List of Famous people born in Iran
Ahmad Jannati
Ahmad Jannati is an Iranian Shi'i cleric and a conservative politician. He was born in Ladan, Isfahan. Jannati is known for his anti-LGBT rhetoric and opposition to secularism. He is also a founding member of the Haghani school of thought.
Ibn Majah
Abū ʻAbdillāh Muḥammad ibn Yazīd Ibn Mājah al-Rabʻī al-Qazwīnī (Arabic: ابو عبد الله محمد بن يزيد بن ماجه الربعي القزويني; commonly known as Ibn Mājah, was a medieval scholar of hadith of Persian origin. He compiled the last of Sunni Islam's six canonical hadith collections, Sunan Ibn Mājah.
Ibn Khuzaymah
Abu Bakr Muhammad ibn Ishaq ibn Khuzaymah was a Muslim Muhaddith and Shafi'i jurist, best known for his hadith collection, Sahih Ibn Khuzaymah.
Sheikh Ahmad-e Jami
Ahmad Ibn Abolhasan Jāmi-e Nāmaghi-e Torshizi better known as Sheikh Ahhmad-e Jami or Sheikh Ahmad-i Jami or Sheikh Ahmad-e jam or Sheikh-e Jam or simply Ahmad-e Jam was a Persian Sufi, Sufi writer, mystic and poet. His mazar (tomb) is located in Torbat-e Jam.
Muhammad Kazim Khurasani
Ayatullah Sheikh Muhammad Kazim Khurasani, commonly known as Akhund Khurasani was a Shia jurist and political activist. He is known for using his position as a Marja as legitimizing force behind the first democratic revolution of Asia that happened in Iran (1905–1911), where he was the main clerical supporter of the revolution. He believed that the democratic form of government would be the best possible choice in the absence of Imam and regarded the democratic constitutional revolution a Jihad in which all Muslims had to participate. Along with Mirza Husayn Tehrani and Shaikh Abdallah Mazandarani, he led people against what they called a “state tyranny” and issued fatwas and “sent telegrams to tribal chiefs, prominent national and political leaders, and heads of state in England, France, Germany, and Turkey”. When Mohammad Ali Shah became king of Iran, Mohammad Kazim Khorasani sent him a “ten-point” instruction including points on protecting Islam, promoting domestic industries and modern science, stopping colonial intervention in Iran “while retaining diplomatic relations”, and establishing “justice and equality”.
Gholamali Bayandor
Gholamali Bayandor was the Commander of Imperial Iranian Navy from 1931 to August 25, 1941 and was killed during the Anglo-Soviet invasion of Iran.
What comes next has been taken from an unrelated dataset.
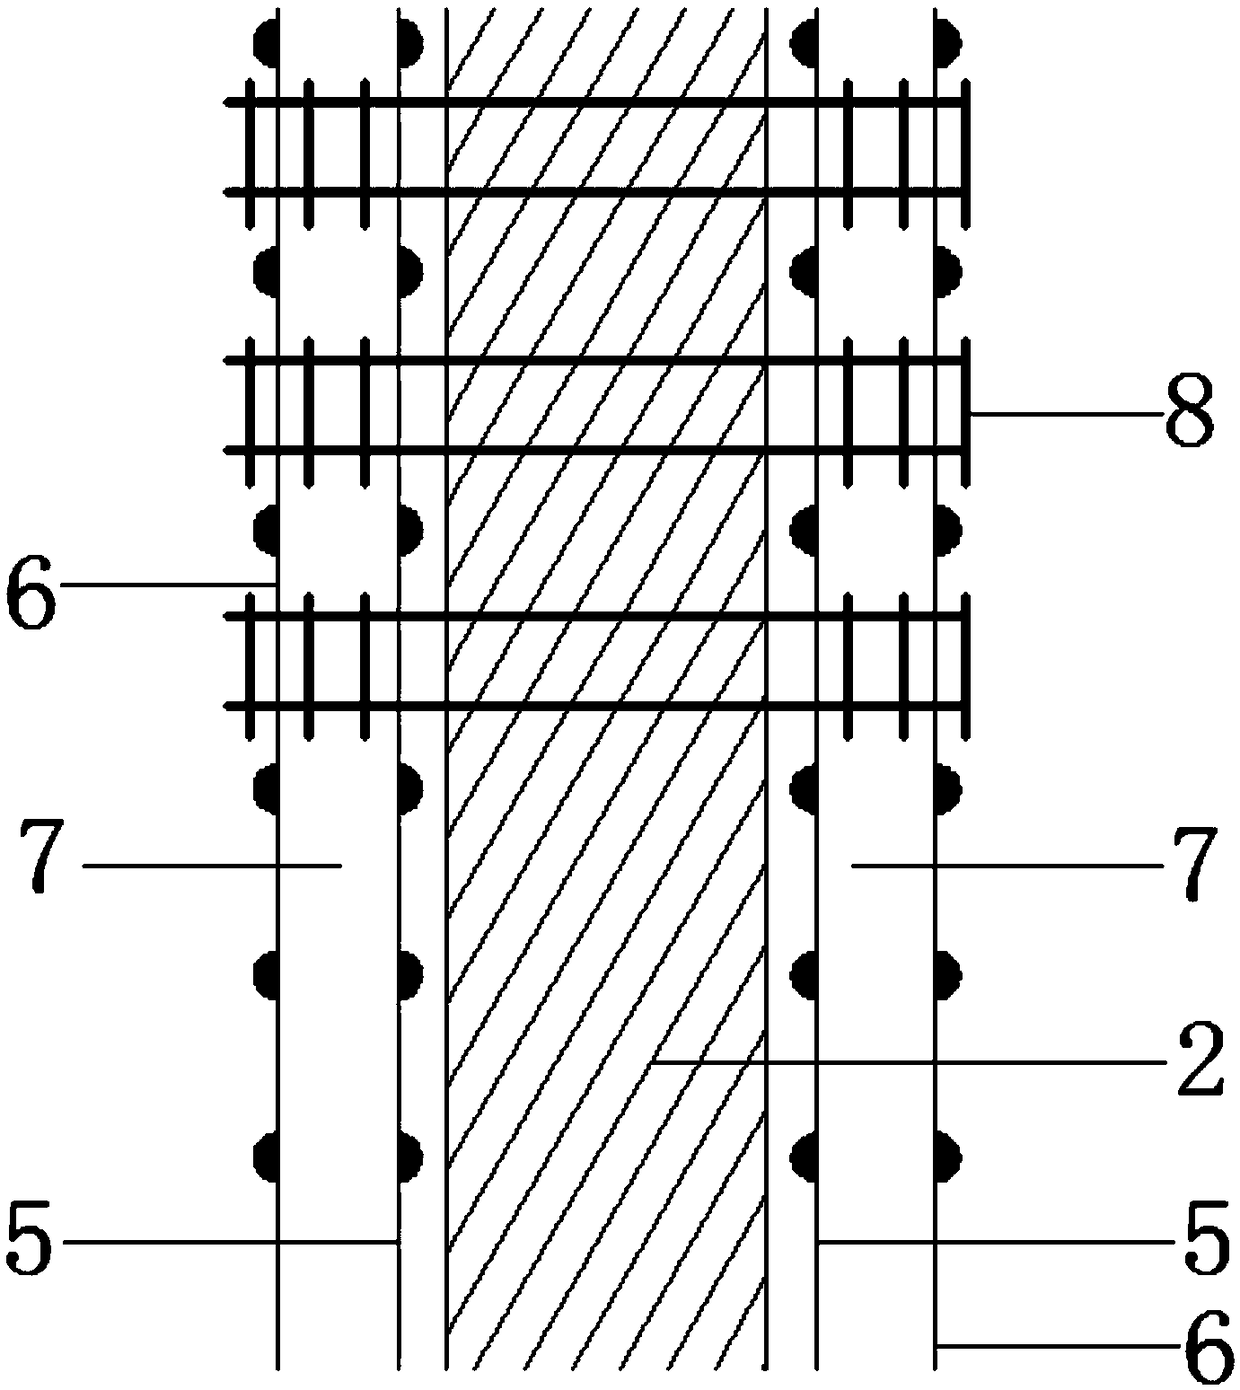 Modeling grid structure thermal insulation wall and construction method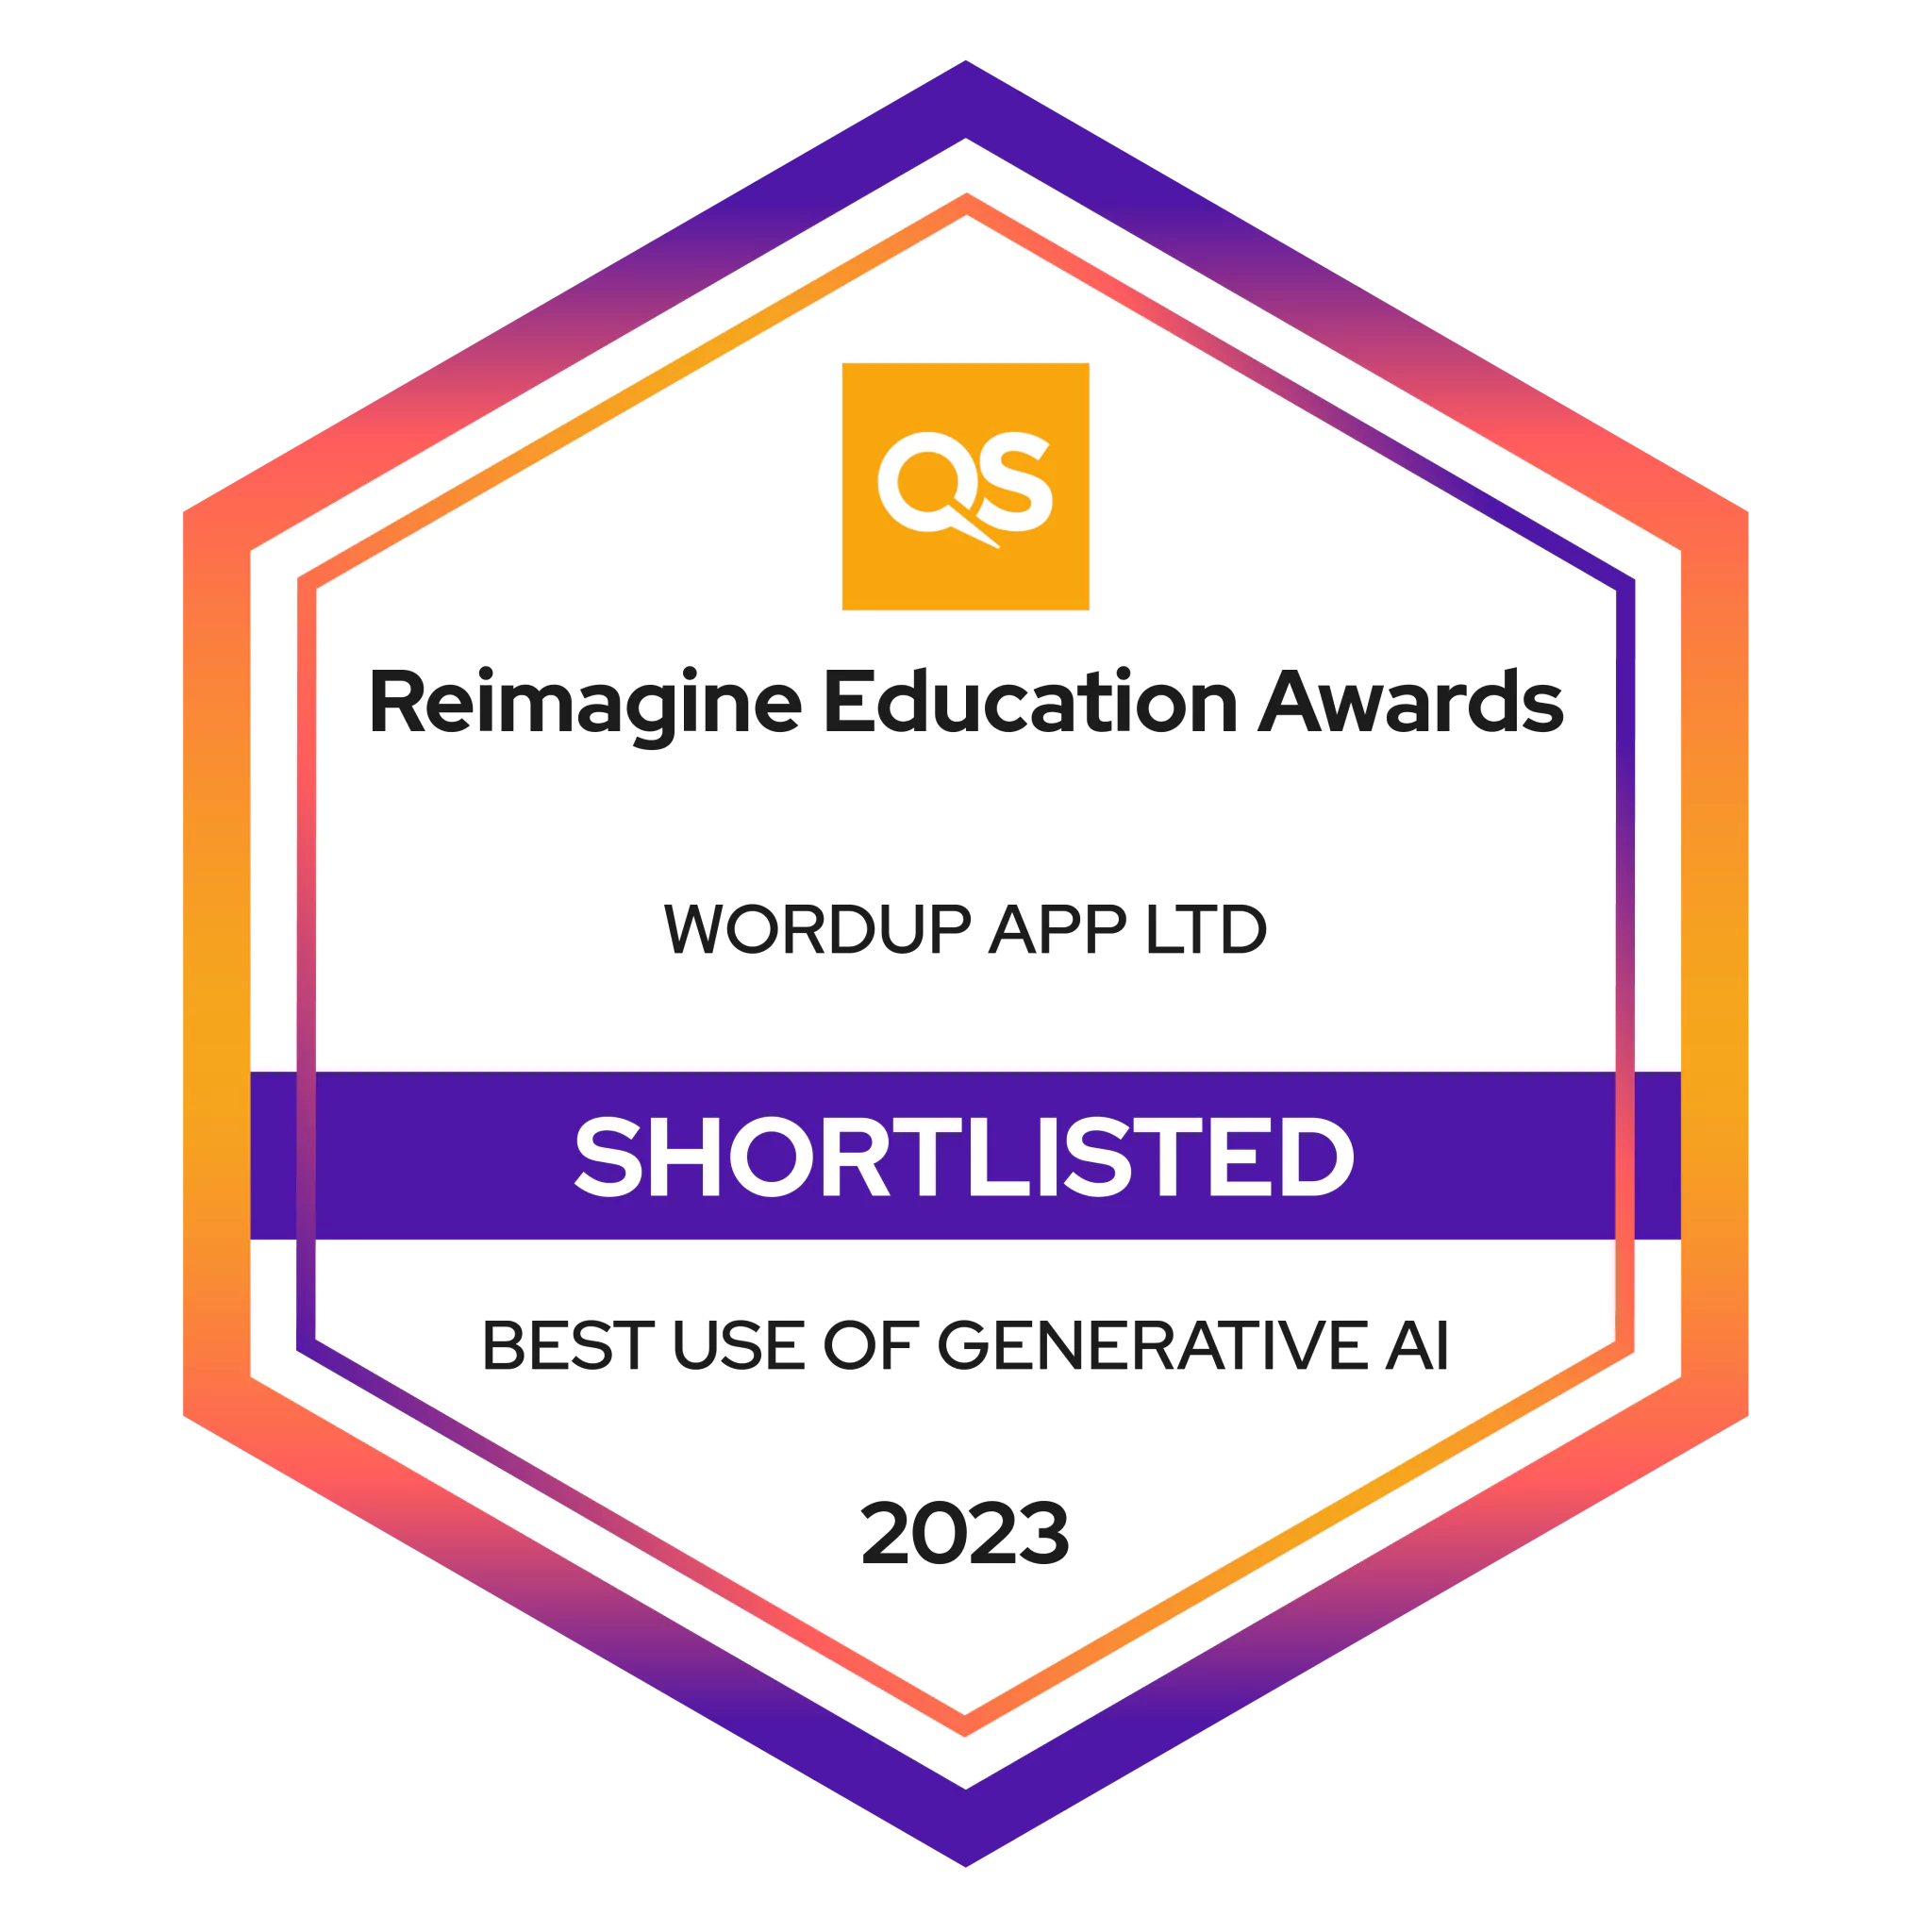 2023 Reimagine Education Awards: shortlisted for the Best Use of Generative AI Award

He was born in Tehran to ancestors from Bayandur tribe.
Abū Isḥāq al-Shīrāzī
Abū Isḥāq Ibrāhīm ibn ʿAlī al-Shīrāzī was a prominent Persian Shafi'i-Ash'ari scholar, debater and the first teacher at the Nizamiyya school in Baghdad, which was built in his honour by the vizier (minister) of the Seljuk Empire Nizam al-Mulk.
Shakila
Shakila Mohseni Sedaghat, known mononymously as Shakila, is an Iranian-born American singer-songwriter based in San Diego, California. She is an international artist who has performed in various languages including Persian, Kurdish, English, Turkish, Hindi and Spanish. She has won a Persian Music Academy Award in 2006 and a Global Music Award in 2015. Shakila has released over twenty albums in Persian language as well as many albums in English. She primarily sings about spirituality, love, peace, and awakening. Lyrics of her songs are inspired by Rumi and other major poets. She is also an official voting member at the Grammy Awards.
Merila Zarei
Merila Zarei is an Iranian actress.
George Bournoutian
George A. Bournoutian is an Iranian-American professor, historian, and author of Armenian descent. He is a retired Professor of History and the author of over 30 books, particularly focusing on Armenian history, Iran and the Caucasus. He has taught Iranian history at UCLA, and Armenian history at Columbia University, Tufts University, New York University, Rutgers University, the University of Connecticut, Ramapo College, and Glendale Community College and Russian and Soviet history at Iona College Bournoutian is one of the 40 editors of the Encyclopaedia Iranica as well.